Requirement ▸ Drop every image, then reproduce the data exactly as given.
--- Data excerpt Enclosed Below ---
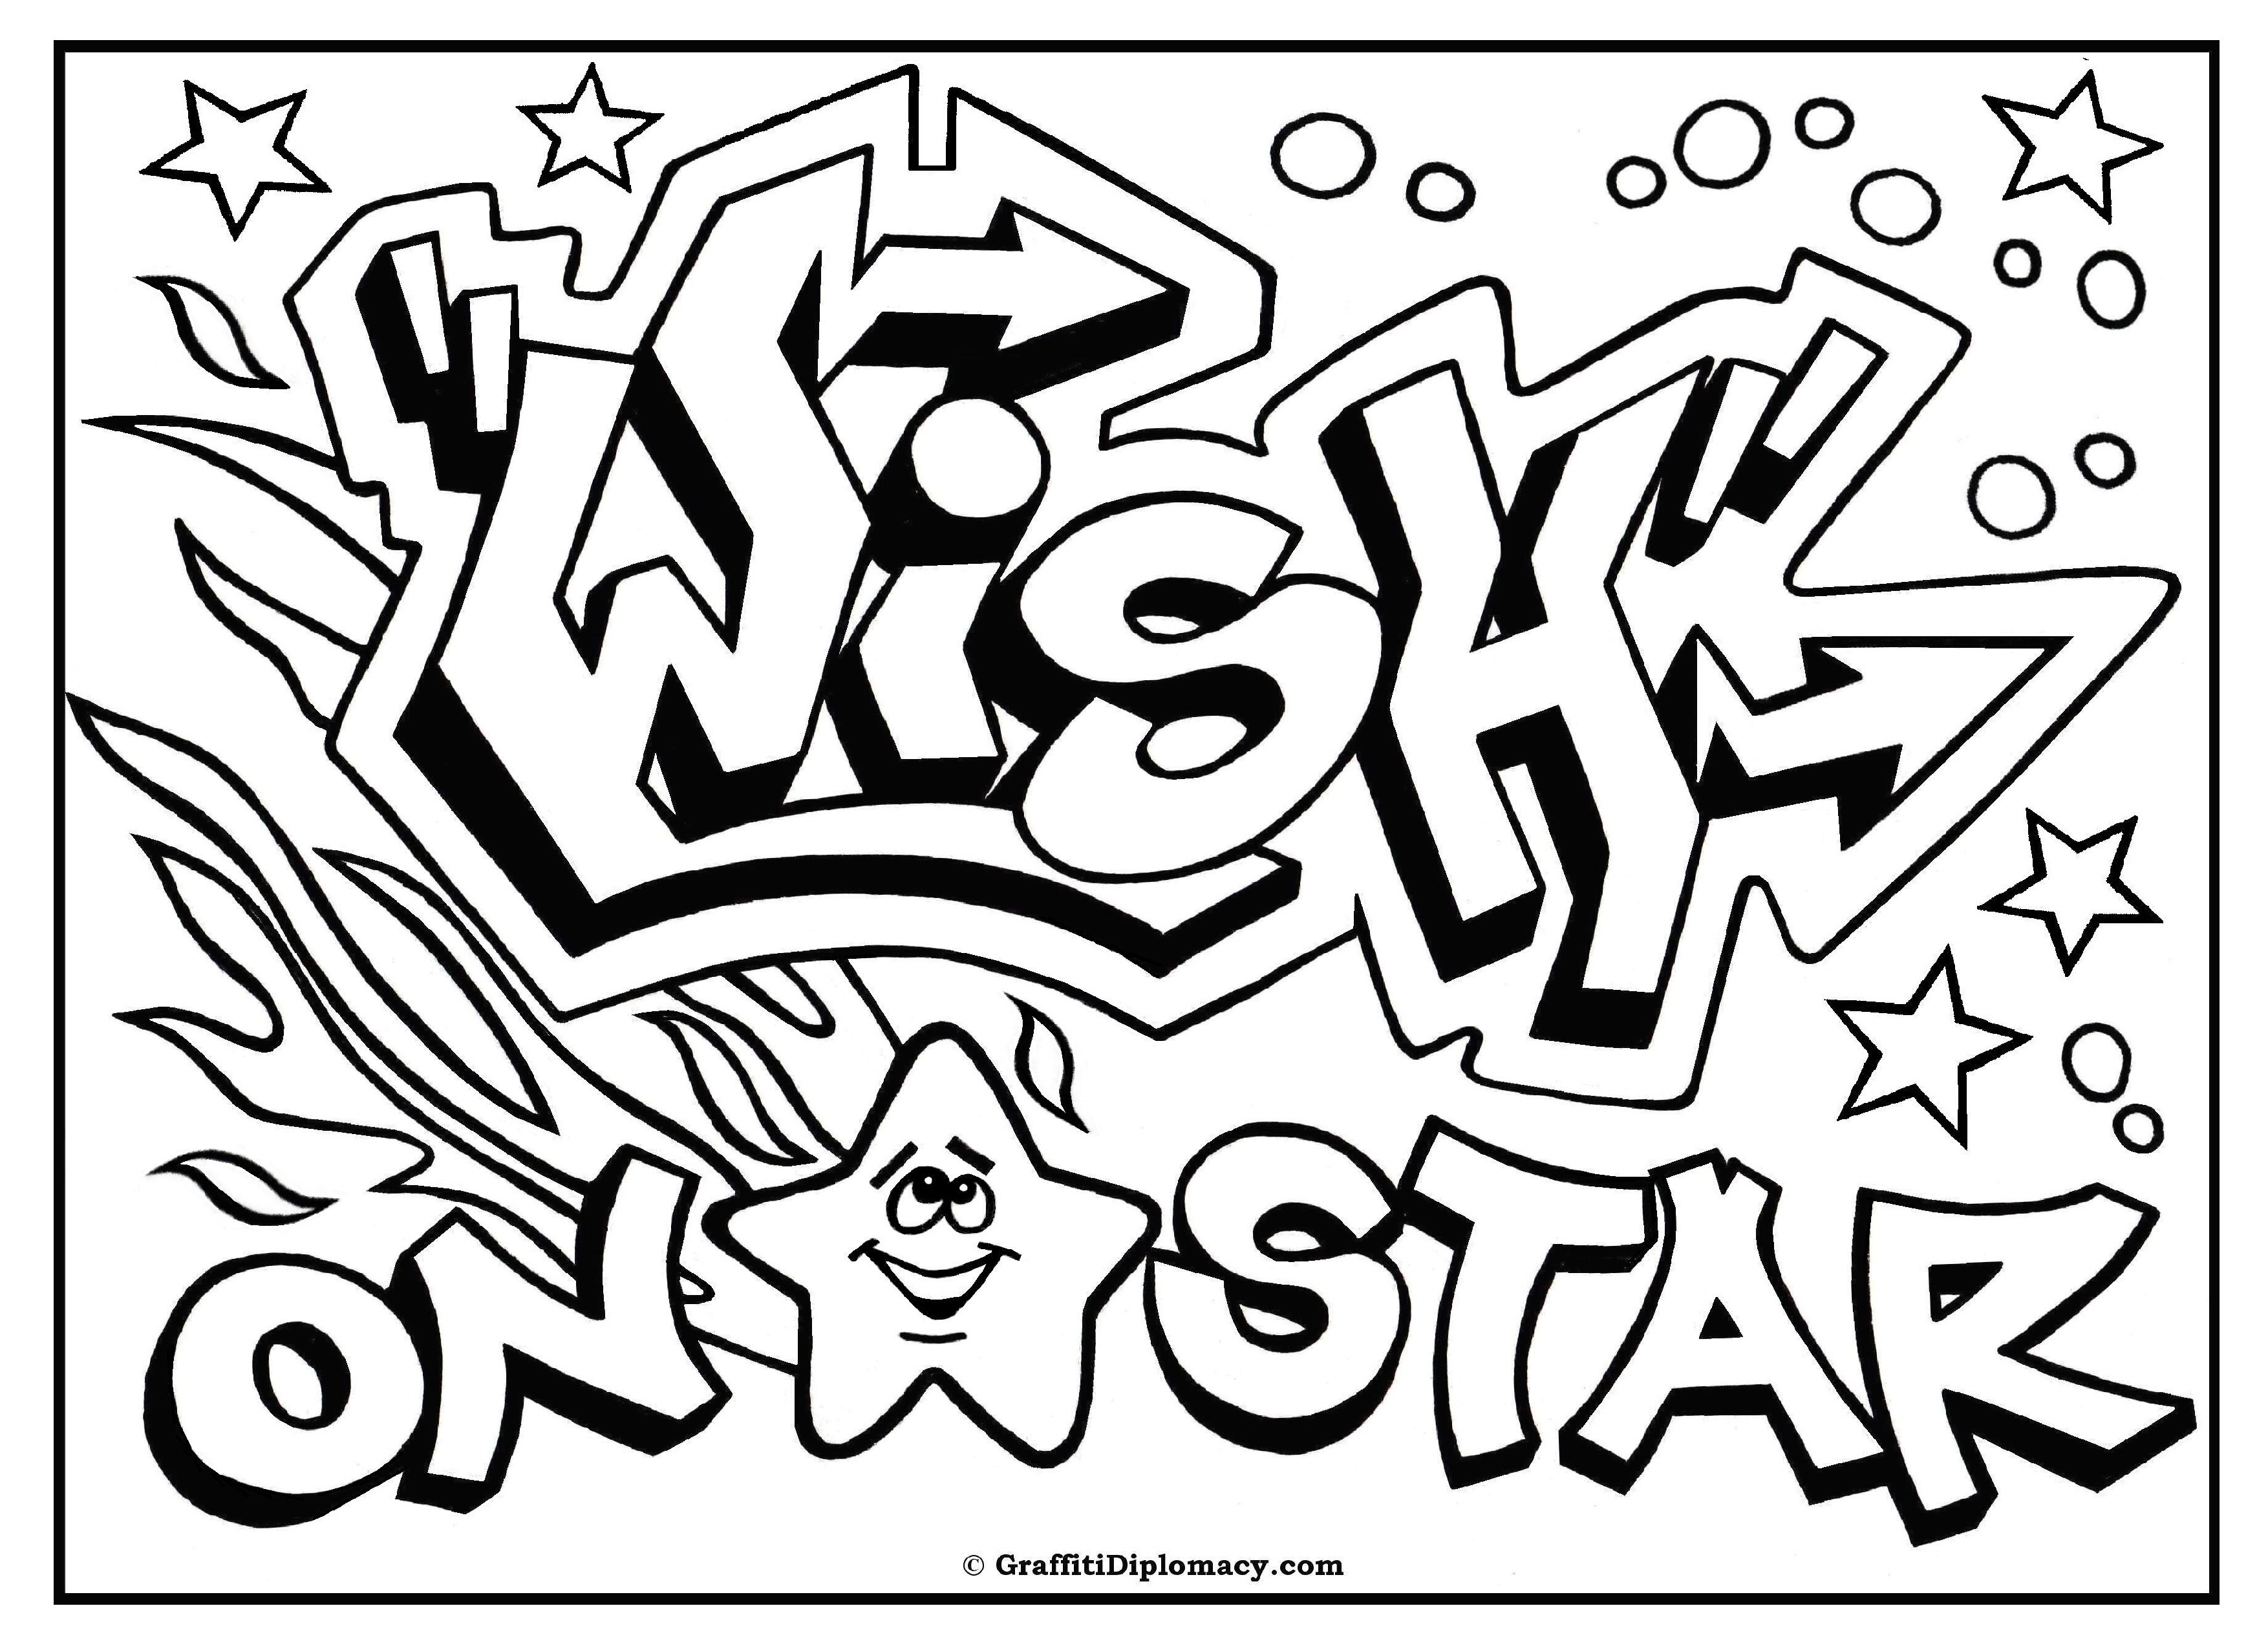 Thanksgiving Design Word Coloring Pages For Teens
 OMG Another Graffiti Coloring Book of Room Signs Learn
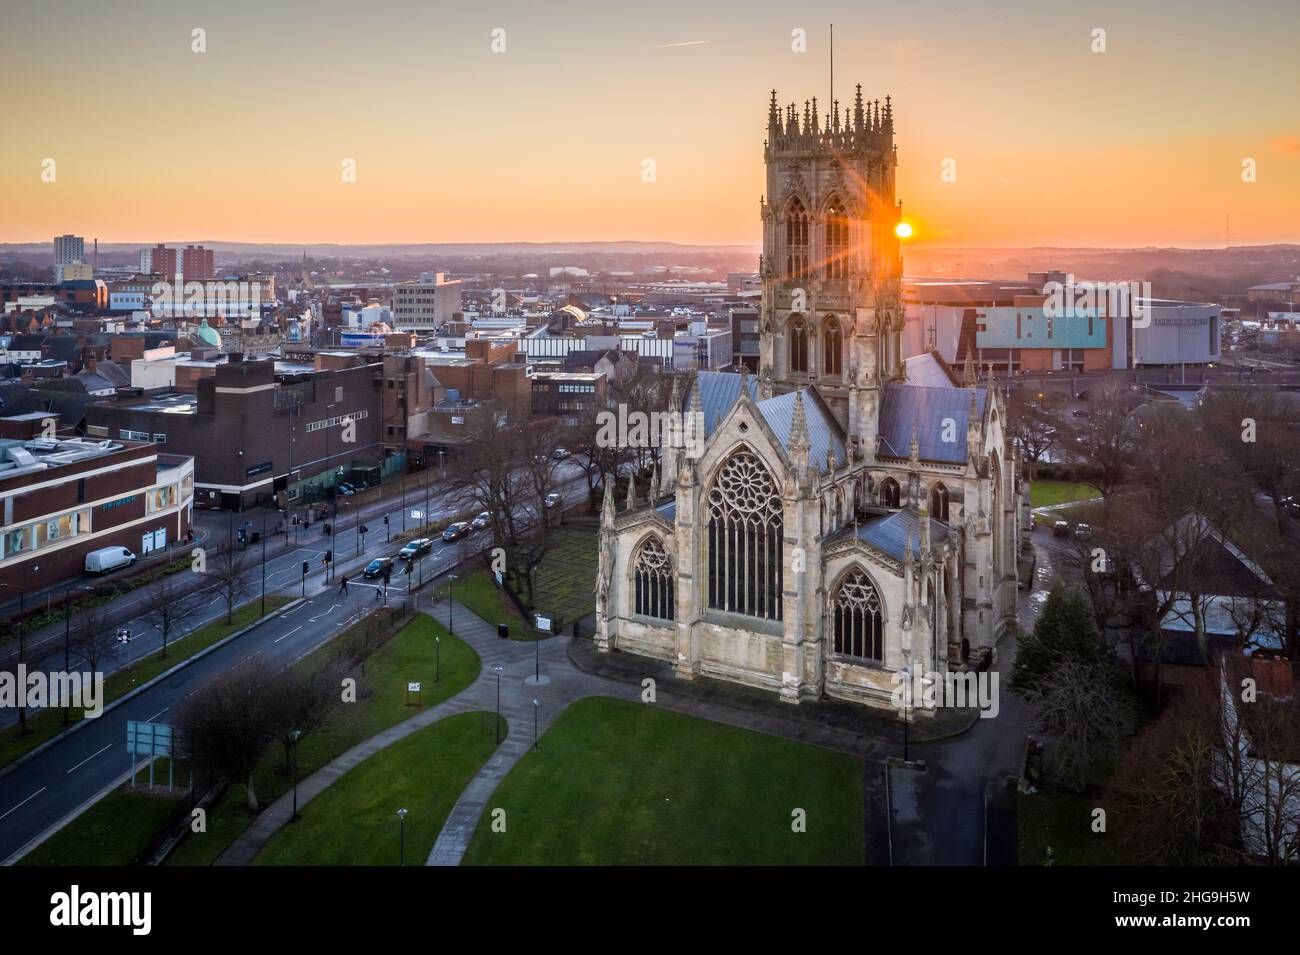 An aerial view of St George's church or Doncaster Minster at sunset Stock Photo
--- End of Enclosed Data excerpt ---
Output for this task ▸
 Thanksgiving Design Word Coloring Pages For Teens
 OMG Another Graffiti Coloring Book of Room Signs Learn
 An aerial view of St George's church or Doncaster Minster at sunset Stock Photo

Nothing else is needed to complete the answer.